On Wed, Aug 26, 2015 at 8:35 PM, Alec Lee <[email protected]> wrote:

> For dealing with such type of problem, seems trident is better than
> spout+bolts even latter is easier to understand and learn?
>
> AL
>
> On Aug 25, 2015, at 9:31 PM, Kishore Senji <[email protected]> wrote:
>
> Agreed. This makes sense if the aggregation is on fields etc.
>
> Although Alec did not mention it in this post, based on his previous posts
> on the same topic, I would assume he is trying to  sort the events because
> he wanted to "fill in" the missing events (smoothening the curve so to
> speak) by looking at the previous and next events of the missed timestamp
> and then do some stream processing on top of it (like for example alerting
> based on sliding window). Assuming that is the scenario, I guess then he
> would have to keep more metadata in the State so that he can fill in those
> events but the question would be when would he stop looking for missing
> events and fill them and move on (as they can come in different batches),
> plus he would have to do some stream processing (or store them to ES for
> later search for example) in the State itself if there is any such
> processing. This is where I think it gets tricky to do this in the
> partition aggregator.
>
> So in our earlier posts we suggested he can do the the appropriate
> partitioning in Kafka (so that events from a given device ends up in the
> same partition) and he could do the window based sorting (by buffering few
> events) in the Stream processing.
>
> Alec, Please ignore the above if my assumption is not correct.
>
>
> On Tue, Aug 25, 2015 at 6:19 PM, Andrew Xor <[email protected]>
> wrote:
>
>> This is not an issue, as that probably would be done through a partition
>> aggregator after the groupBy.
>>
>> Kindly yours,
>>
>> Andrew Grammenos
>>
>> -- PGP PKey --
>> ​ <https://www.dropbox.com/s/2kcxe59zsi9nrdt/pgpsig.txt>
>> https://www.dropbox.com/s/yxvycjvlsc111bh/pgpsig.txt
>> <https://www.dropbox.com/s/ei2nqsen641daei/pgpsig.txt>
>>
>> On Wed, Aug 26, 2015 at 4:16 AM, Kishore Senji <[email protected]> wrote:
>>
>>> Interesting.
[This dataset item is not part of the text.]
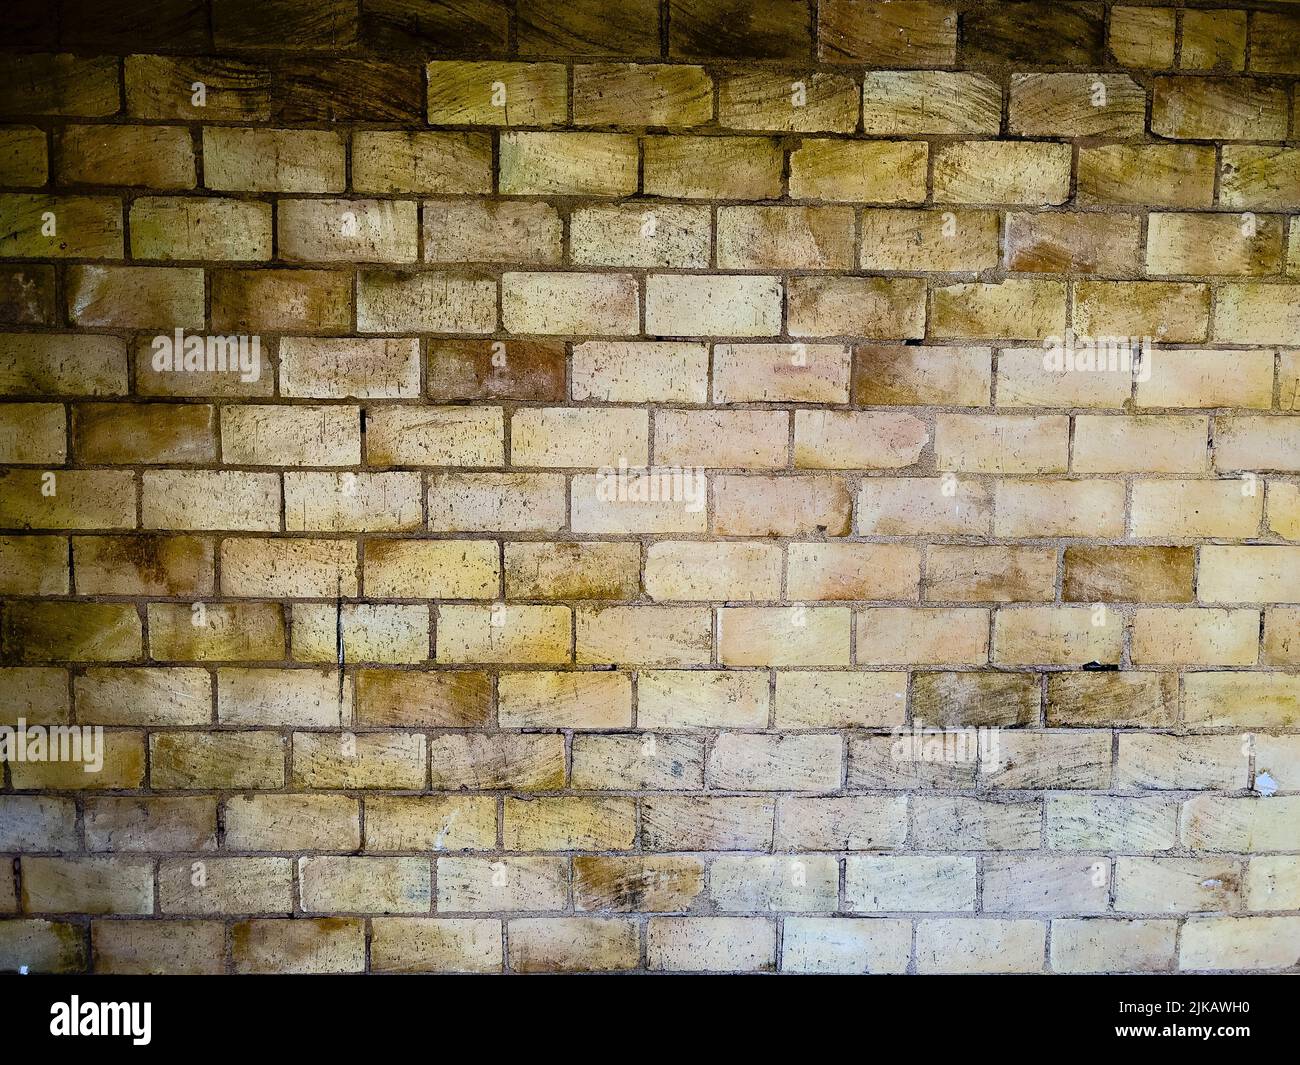 Marrón beige pared de ladrillo grunge fondo texturizado - foto de archivo Foto de stock
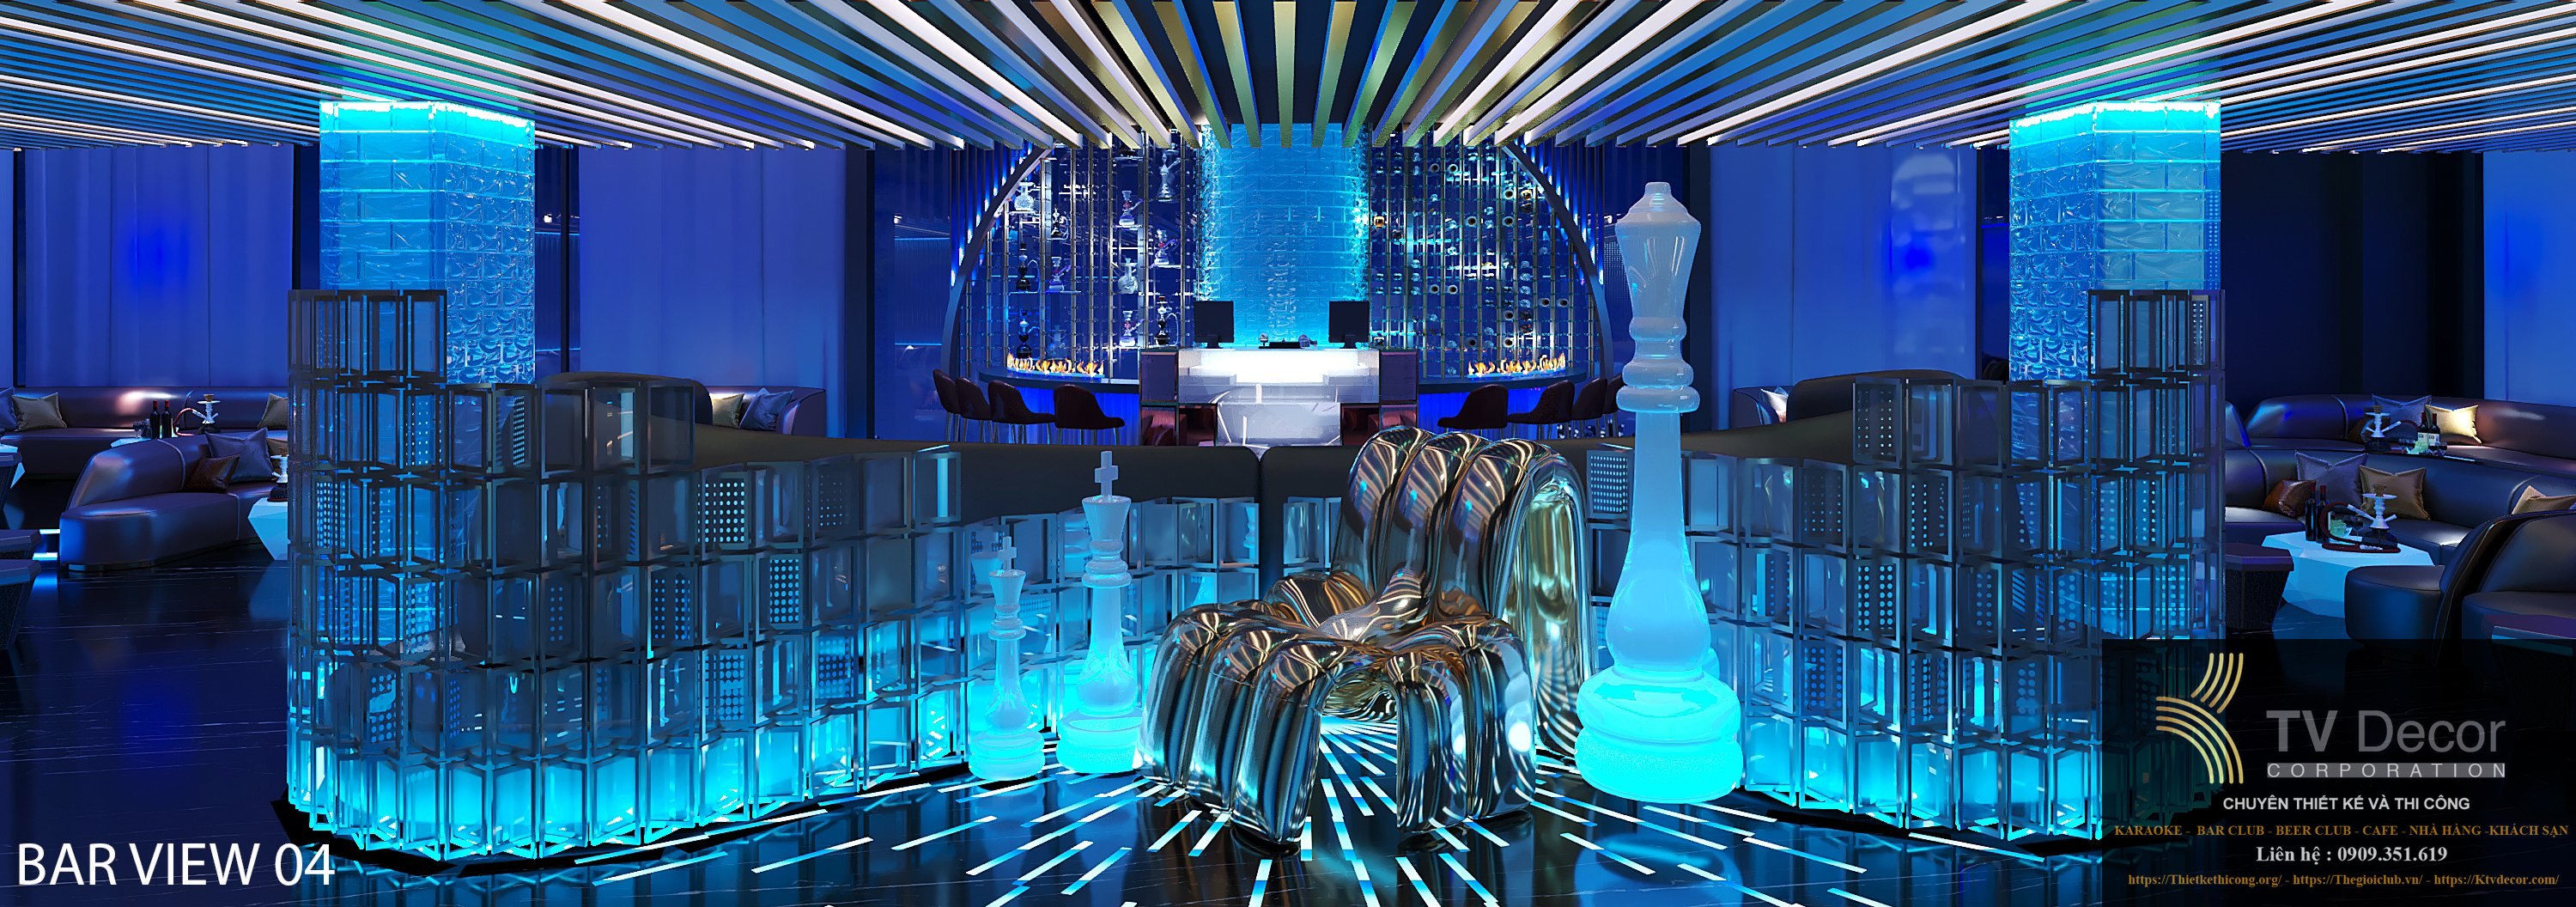 Thiết kế Lounge Bar và karaoke nổi bật tại TPHCM 5

But wouldn't this be impacted by the trident batch size?
>>>
>>> Assuming the batch boundary is like below, after bucketing you would
>>> groupBy on the start time (but how would you sort it?) and assumed it can
>>> be sorted, we should be done with that batch. so if the batch boundary is
>>> like below, you would end up with two different sets of sorts for events
>>> which are supposed to be together (12:44, 12:45 & 12:46 below). If I
>>> understand the original question, it is how to sort the full stream of
>>> events irrespective of how they are processed in batches.
>>>
>>> 2013-03-22 12:43:00-07:00
>>> 2013-03-22 12:44:00-07:00
>>> 2013-03-22 12:45:00-07:00
>>> 2013-03-22 12:49:00-07:00
>>> 2013-03-22 12:47:00-07:00
>>> --------------------------------------
>>> 2013-03-22 12:48:00-07:00
>>> 2013-03-22 12:46:00-07:00
>>> 2013-03-22 12:51:00-07:00
>>> 2013-03-22 12:50:00-07:00
>>> 2013-03-22 12:52:00-07:00
>>>
>>>
>>>
>>>
>>> On Tue, Aug 25, 2015 at 4:58 PM, Andrew Xor <[email protected]
>>> > wrote:
>>>
>>>> Yes, unless I am missing something... try it and if you have any more
>>>> problems drop an email.
>>>>
>>>> Regards.
>>>>
>>>> Kindly yours,
>>>>
>>>> Andrew Grammenos
>>>>
>>>> -- PGP PKey --
>>>> ​ <https://www.dropbox.com/s/2kcxe59zsi9nrdt/pgpsig.txt>
>>>> https://www.dropbox.com/s/yxvycjvlsc111bh/pgpsig.txt
>>>> <https://www.dropbox.com/s/ei2nqsen641daei/pgpsig.txt>
>>>>
>>>> On Wed, Aug 26, 2015 at 2:46 AM, Alec Lee <[email protected]> wrote:
>>>>
>>>>> WoW, that code seems to be exactly I want, will read through, double
>>>>> check, I will still need a partition aggregator to actually sorting after
>>>>> bucketization, right?
>>>>>
>>>>> thanks
>>>>>
>>>>>
>>>>> On Aug 25, 2015, at 4:40 PM, Andrew Xor <[email protected]>
>>>>> wrote:
>>>>>
>>>>> Sure, I found this code useful to start with; he does bucketization
>>>>> for timed intervals in this gist
>>>>> <https://gist.github.com/codyaray/75533044fc8c0a12fa67>.
>>>>>
>>>>> Hope this helps.
>>>>>
>>>>> Kindly yours,
>>>>>
>>>>> Andrew Grammenos
>>>>>
>>>>> -- PGP PKey --
>>>>> ​ <https://www.dropbox.com/s/2kcxe59zsi9nrdt/pgpsig.txt>
>>>>> https://www.dropbox.com/s/yxvycjvlsc111bh/pgpsig.txt
>>>>> <https://www.dropbox.com/s/ei2nqsen641daei/pgpsig.txt>
>>>>>
>>>>> On Wed, Aug 26, 2015 at 2:36 AM, Alec Lee <[email protected]>
>>>>> wrote:
>>>>>
>>>>>> All right, will do trident instead, shameless to ask again, any
>>>>>> example code (particularly for events time sorting) to study?
>>>>>>
>>>>>> thanks
>>>>>>
>>>>>>
>>>>>> On Aug 25, 2015, at 4:31 PM, Andrew Xor <[email protected]>
>>>>>> wrote:
>>>>>>
>>>>>> Well, if you need to just preserve the order of received (event)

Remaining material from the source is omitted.